前言：最近试了一下jupyter-lab。感觉还不错，是jupyter notebook的升级版，在此记录一下jupyter-lab的使用与安装。

参考：JupyterLab的安装及使用Python虚拟环境 - 知乎 (zhihu.com)

1、安装JupyterLab

pip install jupyterlab

2、激活虚拟环境

在terminal中输入命令：

conda activate torch_gpu

其中torch_gpu是我创建的虚拟环境的名字。

3、使用Python虚拟环境

如果你创建了一个Python虚拟环境，那么首先进入到这个虚拟环境中，然后运行命令：

python -m ipykernel install --user --name=torch_gpu

接着在terminal中输入命令，打开jupyterLab：

jupyter-lab

这样就可以在JupyterLab中使用这个虚拟环境了。

在jupyter中可以看到有torch_gpu这个虚拟环境的notebook创建选项。

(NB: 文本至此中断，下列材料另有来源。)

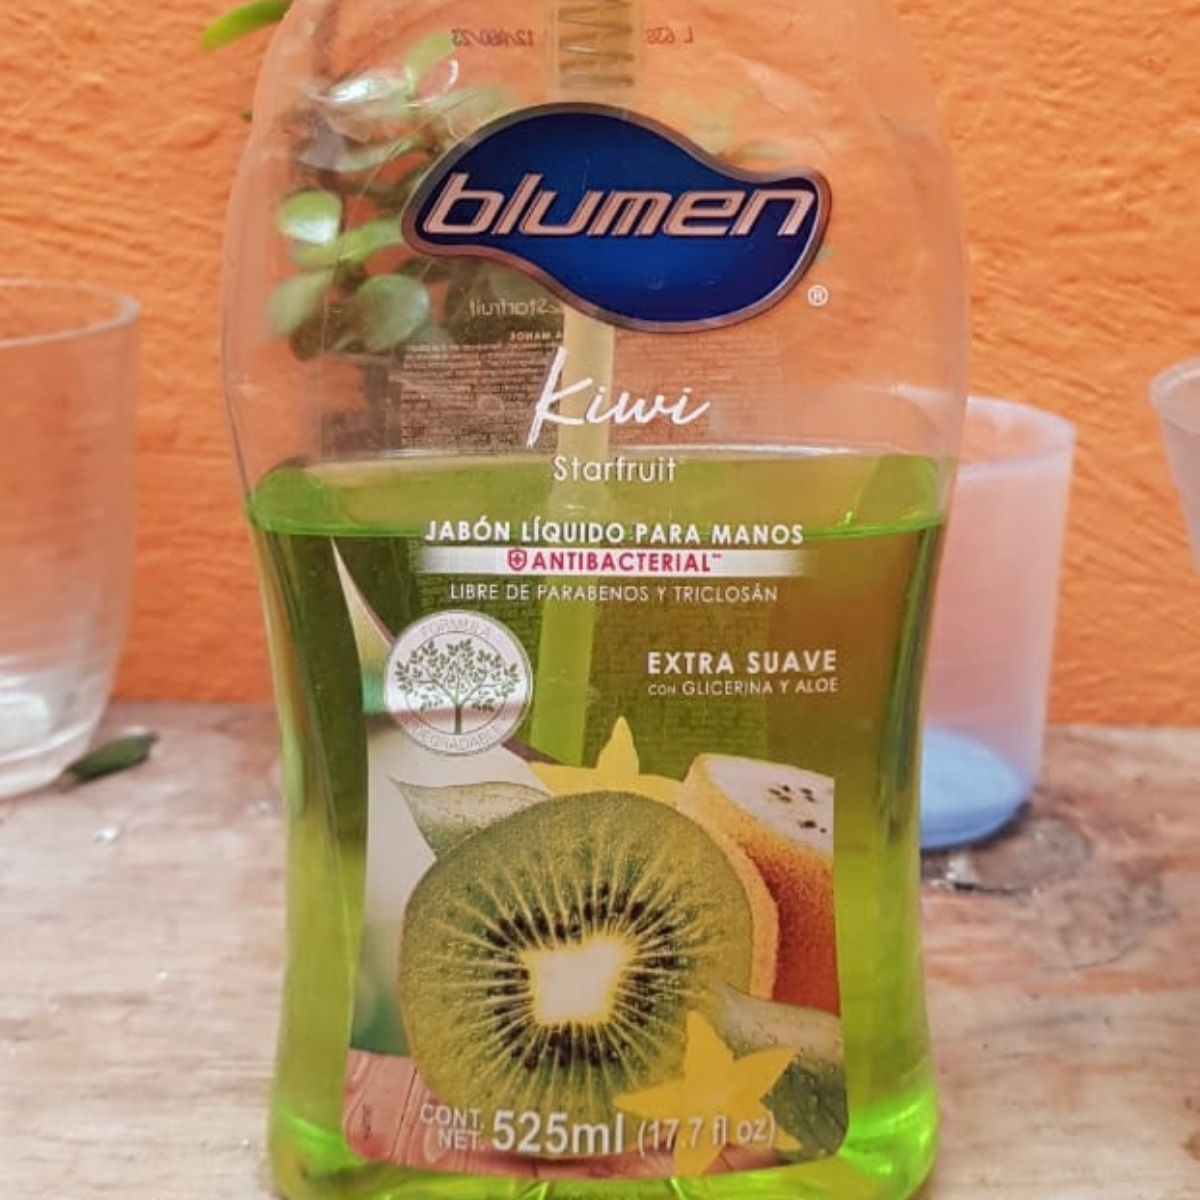 Blumen Jabon liquido antibacterial para manos aroma kiwi Reviews
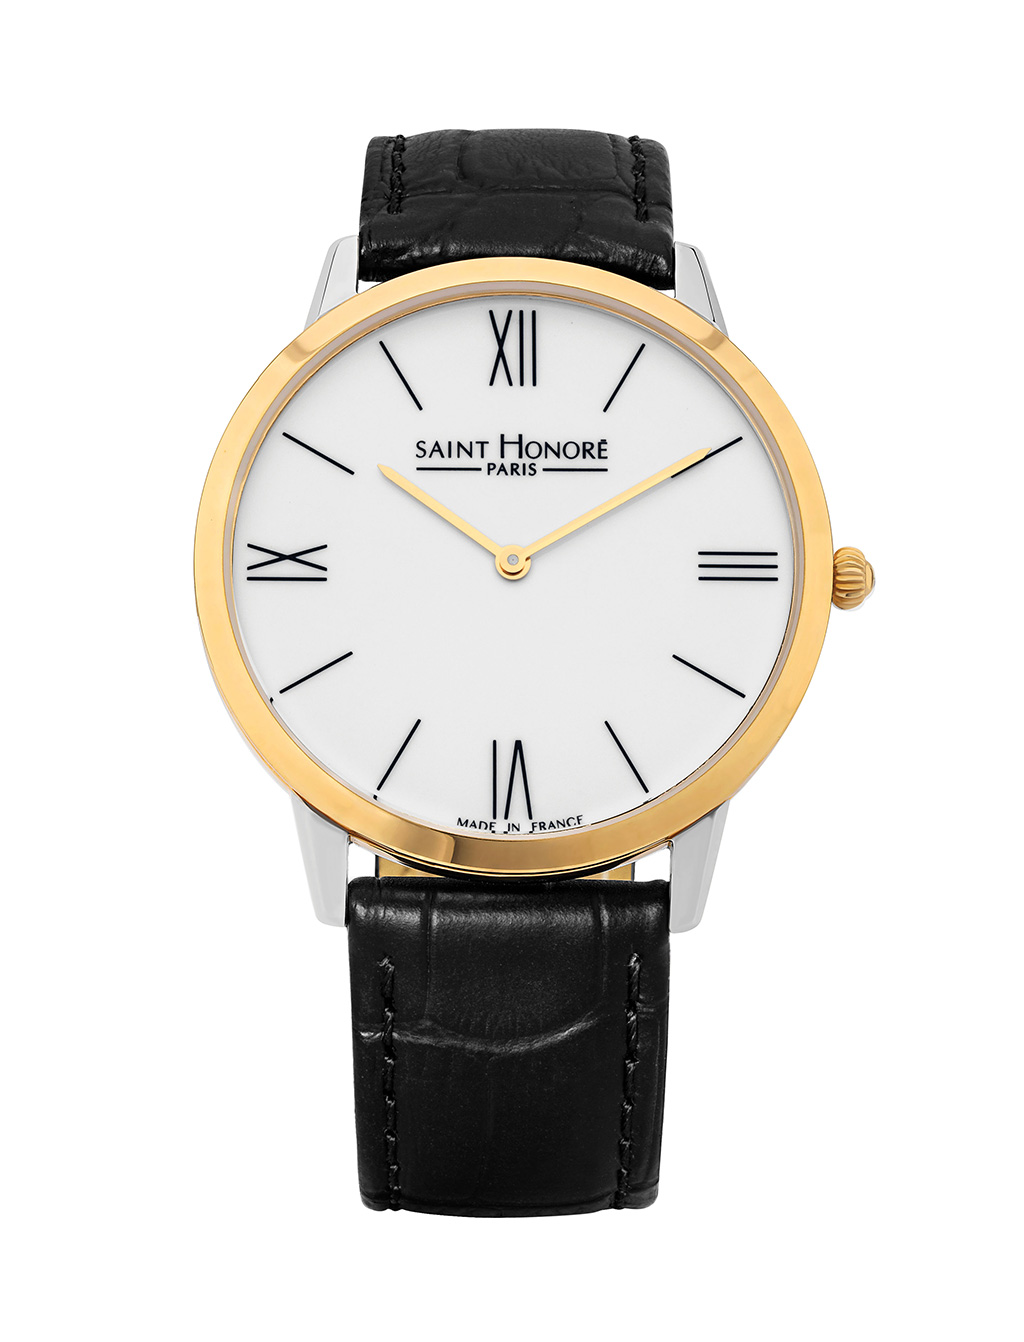 WAGRAM Men's watch - Two-tone case, white dial, black leather strap

下面回来transformer encoder中word embedding,position embedding,self-attention mask的pytorch实现。

（一）word embedding

import torch
import numpy as np
import torch.nn as nn
import torch.nn.functional as F

#关于word embedding,以序列建模为例
#考虑source sentence 和 target sentence
#构建序列，序列的字符以其在词表中的索引的形式表示
batch_size=2

#单词表大小
max_num_src_words=8
max_num_tgt_words=8
model_dim=8

#序列的最大长度
max_src_seq_len=5
max_tgt_seq_len=5
max_position_len=5

先导入库，和设置一些全局变量。为了能让后面的print看起来更加直观，理解起来更加方便，这些全局变量设置得比较简单。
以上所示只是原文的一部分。